Was die Männer nun machen ist einfach: Sie geben dem Affen Salz zum essen, und zwar in reichlichen Mengen. Wenn der Affen nach einer gewissen Zeit freigelassen wird, müssen sie ihm nur noch folgen, denn er wird schnur-stracks zu der nächsten Wasserstelle rennen, um seinen Heissdurst zu stillen.

Bild: Mahira Ates

So hat also der Mensch gelernt, dass wo Affen leben es auch Wasser-Vorkommen haben muss. Und er hat gelernt, den Affen auf einfachste und dennoch höchst effektiver Weise auszutricksen.

Und auf diese selbe Art und Weise dachten die Wahnärzte mich gefangen zu haben. Der Leckerbissen sollte die Junge Dame sein. Der Salz wären dann die Drogen gewesen. Und das Wasser die vorsätzlich falsche Diagnose, die sie nun zu offizialisieren können glaubten. Oder so...
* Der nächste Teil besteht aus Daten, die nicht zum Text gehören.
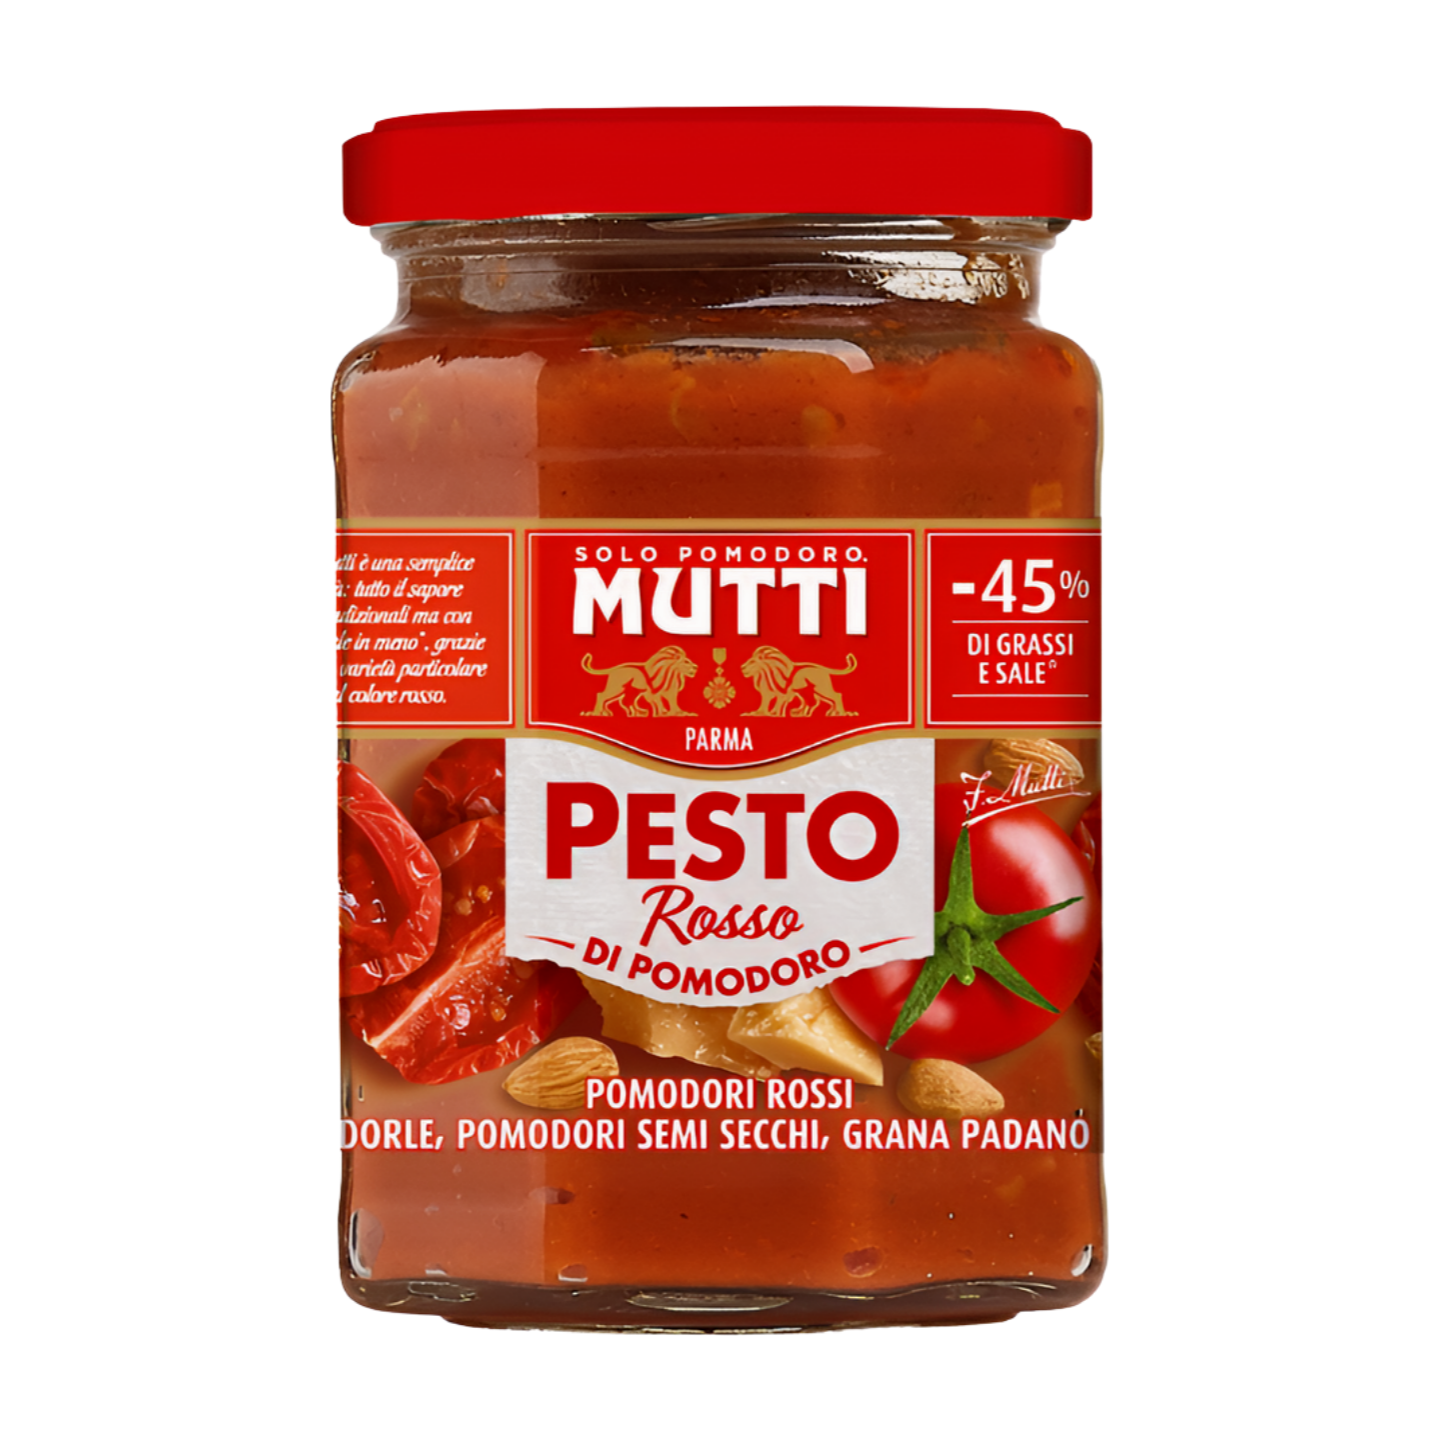 Mutti Rosso di Pomodoro Pesto (180g)

Also habe ich sie zu ihrem Wasser geführt. Und sie haben gedacht, vor einem riesigen, unterirdischen Wasser-Resevoir zu stehen. Sie haben gedacht, alles sei wie am Schnürchen geloffen. Sie dachten schon zu haben, was sie wollten. Doch dann merkten sie plötzlich, es war gar kein Wasser... Dieser Affe, der war speziell: Auch er hatte nämlich einen Trick auf Lager, denn er führte die Wahnärzte nicht zu einem Wasser-Reservoir, nein... Es war ein Spiegel!

Bild: Mahira Ates



Denn die Ärzte hatten vergessen, dass die Natur ein kleines Wenig intelligenter sein kann, wenn es um Leben und Tod geht. Und hier ging es um Leben und Tod zweier Seelen. Oder um Leben und nicht Leben zweier Seelen. Um das Wohlergehen zweier Seelen.